«Может быть, здесь, у несправедливо погибающей Единки, возле спасаемой всеми нами птахинской избы, Петруне и выгрестись к настоящей жизни?»
«Но, может, все мы, кто вольно или невольно собрались в Единке, начнём отсюда каждый свой путь к какой-то настоящей жизни, к правильной судьбе? Кто знает!»
«Но почему, почему я снова думаю, что жизнь у меня не настоящая, а судьба не правильная?»
Не было ответа.
Возможно, не все чувства и ощущения в себе волен человек объяснить и понять.
– До стихов, Афоня, не очень-то охотлив: какую из поэзийных книжек, бывает, не откроешь, поелозишь зенками по странице, по другой скользнёшь – и зевотой пасть рвёт. Иной писака расписакается вроде и кучерявисто, приманчиво и этак зазывно, но никак мне, читателю, не доковыряться, чего и зачем он там накалякал. Люблю, чтоб просто, чтоб душевно было. Вот так, как у Серёги Есенина, слушай:
Утром в ржаном закуте,
Где златятся рогожи в ряд,
Семерых ощенила сука,
Рыжих семерых щенят…
– Хозяин, наверно, знаешь, утопил щенят. И если сил хватает дочитать «покатились глаза собачьи золотыми звёздами в снег», потом бродишь всё одно что поддатый. Дорог и людей в упор не зришь, запинаешься о порожки и камушки. Пробирает, прямо жуть. Вот то стихи, вот то слова! Но таких в книжках с гулькин нос. Если же, Афоня, толковать про твою любомудость… стоп! как ты сказал? любомудрость? Ладно, пускай будет любомудрость. Скажу тебе, что в мудрецы и праведники топать таким задубелым кентам, вроде меня, – только обувь понапрасну стаптывать. Дальше самого себя я уже и не уползу, и не смотаюсь, как ни чеши, ни сверкай пятками. Но кое-какая – личная! – любомудрость у меня давно припасена. Да к тому же на все случаи жизни. Слушай и запоминай покрепче, если, конечно, хочешь: кто не курит и не пьёт, тот здоровеньким помрёт. Каковская любомудрость с любомудостью?

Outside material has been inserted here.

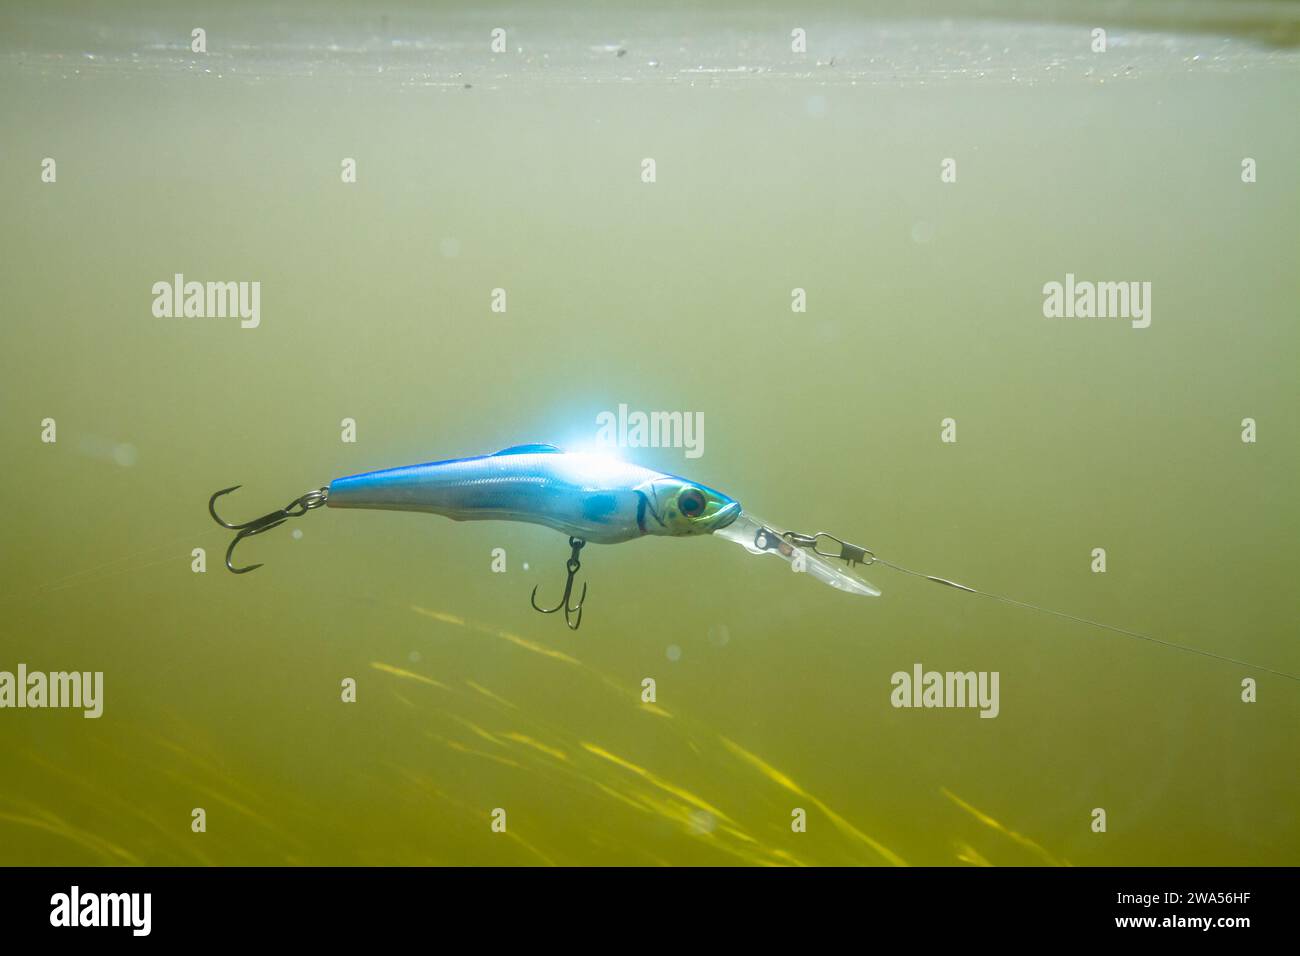 Un wobbler bleu attaché à une ligne de pêche flotte dans la colonne d'eau verdâtre dans la rivière pendant la pêche à la filature. Sous elle, les plantes aquatiques de co vert Banque D'Images
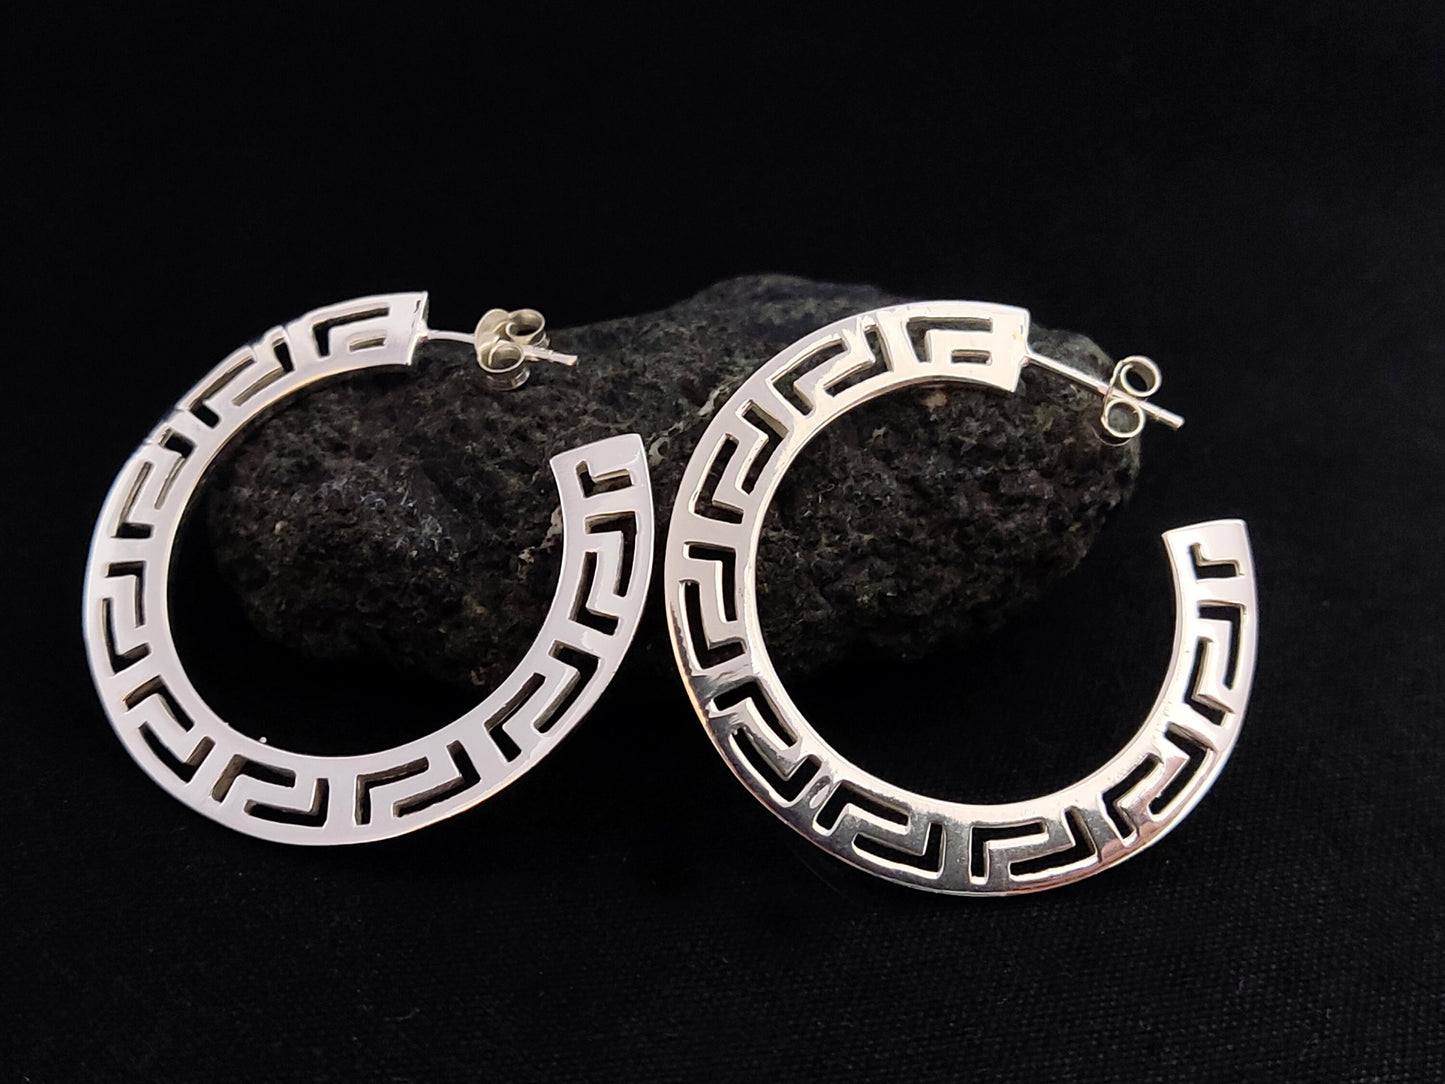 Silver Greek Earrings, Greek Key Flat Big Hoops Earrings 38mm, Griechischer Silber Ohrringe  Bijoux Grecque, Jewelry From Greece, Flat Hoops

– Ай, врёшь, Петруня! Прямо-таки и на все случаи жизни?
– Разоблачитель выискался! Что ж, колюсь: не соврёшь – не проживёшь.
– Опять наговариваешь, Петруня.
– Да кто ж из людей не врёт? И вы, коммуняки, вруны, хотя любите вырисоваться перед народом праведниками и чистюлями. Но я знаю вас, чертей перекрашенных и перекрещённых. Знаю – не щурься, Афоня, волчарой. Вашенская порода ещё та вральная и притворная, на. И хотя врёте нам, простакам, мягко и всё этак с колыбельными песенками, но спать жёстко и беспокойно, на.
– Не веришь в коммунизм, в светлое будущее? Совсем?
– Верь, не верь, совсем, не совсем, а, один бес, на, будет то по жизни, чего простые люди шибко захотят. Проще говорю: чего у них зачешется, то и почешут. И они сами, и всякие начальники. Вы их называете массой народной? Ну, вот, эта масса зашевелится, зашебуршится и сдвинется, сорвётся с места когда-нибудь, – вас и припрёт, наобум или с задумкой, не знаю. Припрёт к любой из первых попавшихся на глаза стенок. И придавит хорошенько, а то и вовсе расплющит, кончит, потому что злоба скопилась, обиды накипели.
Помолчал, покусывая губу.
– Но вот, скажу я тебе, чего мы, людиё-блудавьё, через минуту, через другую захотим, того, чую, и сам бог Саваоф не знает, не ведает. Масса-то массой, а голов-то с мозгой – уймища в ней, пойми ты. Короче, не верю я в теории и заговоры, в расписанные в тёплых кабинетах планы и проекты, а верю в людей. В простых людей. Но простой-то иной человек простой, но в башке у него чего там ворошится и щетинится, – мама не горюй! А если же каким горячим и запальчивым часом душа всколыхнётся, да не у него одного, – пиши, братишка, пропало с твоим коммунизмом, со светлым будущим. Или с капитализмом. Или с каким-нибудь другим дуризмом, – неважно, братишка. Простой народ никому и никогда не одолеть. Шишки жили и будут жить своим царством, своим государством, а народ – своим. Понял? Впрочем, тоже неважно.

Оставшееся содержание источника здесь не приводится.